Вдруг вспоминаю я, что это сон! А во сне я летать умею, и поднялся! И сразу посветлело. Через крышу высоченного дома, и страшновато стало, как вниз глянул — бездна! День ясный. Страшок ушел. Лечу и слышу голоса: жены и подруги. Будто в ресторане они, а голоса доносятся через зарешеченное окошко.

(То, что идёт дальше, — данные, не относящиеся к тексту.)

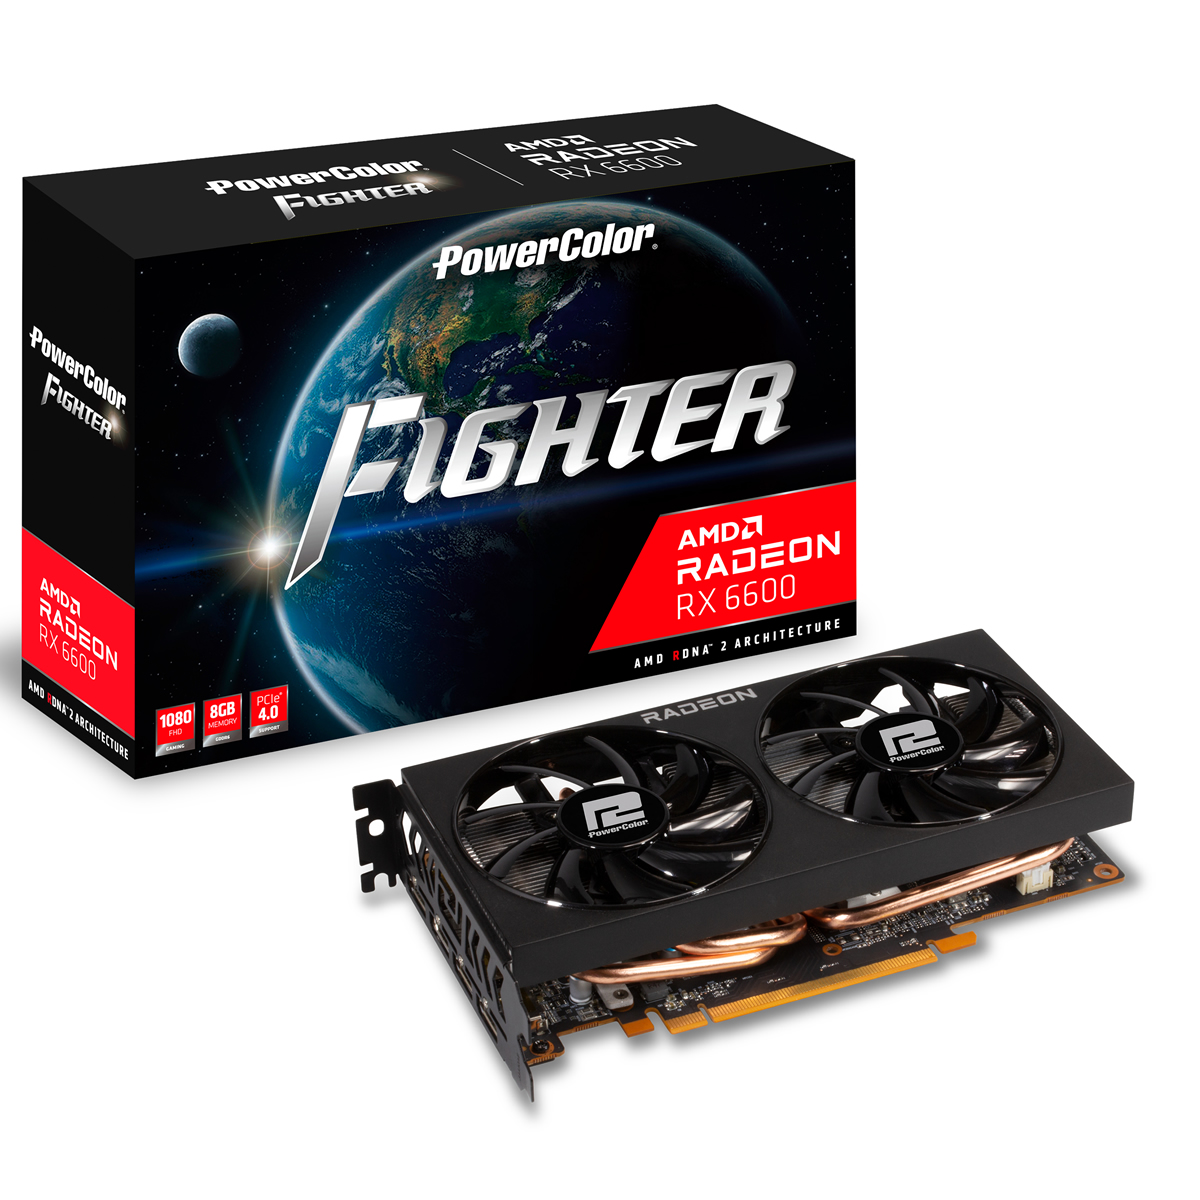 PowerColor - PowerColor Radeon RX 6600 Fighter 8GB GDDR6 PCI-Express Graphics Card

До того вроде я спустился и возле входа оказался в баню, что ли, с предбанником и человеком противным. (И вход, как в баню с предбанником и человеком гнусным.) Я на пол не ступаю, над полом, поджав ноги, плыву. А этот азиатского вида, наглый тип (напоминает монаха из Храма Гроба Господня, который как-то кричал на нас), запрещает входить, наступать, ругается... Я ему запретил, а он (Привратник) говорить продолжает, кричит. Удивился я, что запрет не сработал. Крикнул: "Молчать!" И вроде стих Привратник, хотя и злобился сильно до того. Проплыл я сквозь это здание, сквозь залу – коридор с людьми, узлами, вход банный, а вроде вокзала, на самом деле. Выплыл Назад, поднялся высоко и тут руки стал разглядывать. Вспомнил себя окончательно. Гляжу, а руки — странные. И еще во сне дивлюсь, что непрозрачные они, хотя и отчетливо вижу, сосредоточился донельзя — непрозрачные и не светятся, как в Том сне, а знаю, что должны светиться, что иллюзия, видимость одна эта твердость тела и рук, я знаю это, а не стряхнуть морок! Собрался дальше исследовать, а тут голоса и услыхал сразу же. Они меня и отвлекли. Соблазнился. Залез через окошко в ресторанчик (как в Германии, в той деревне, но высоко, вверху дома). И какие-то люди уже другие за столами. Женщина, похожа на южноамериканку. Лицо страшно режуще явственно: глаза — тряпочки голубые плотные, без зрачков, и подбородок двойной: старая, а есть в ней прелесть. Танцевать зовет, я у жены спрашиваю, мол, можно, не рассердишься ли, если потанцую? Жена надулась, отвратительно злиться стала. И так мне противно сделалось. Думаю, вот гадость какая, желает баба всю мне жизнь до мелочей регулировать...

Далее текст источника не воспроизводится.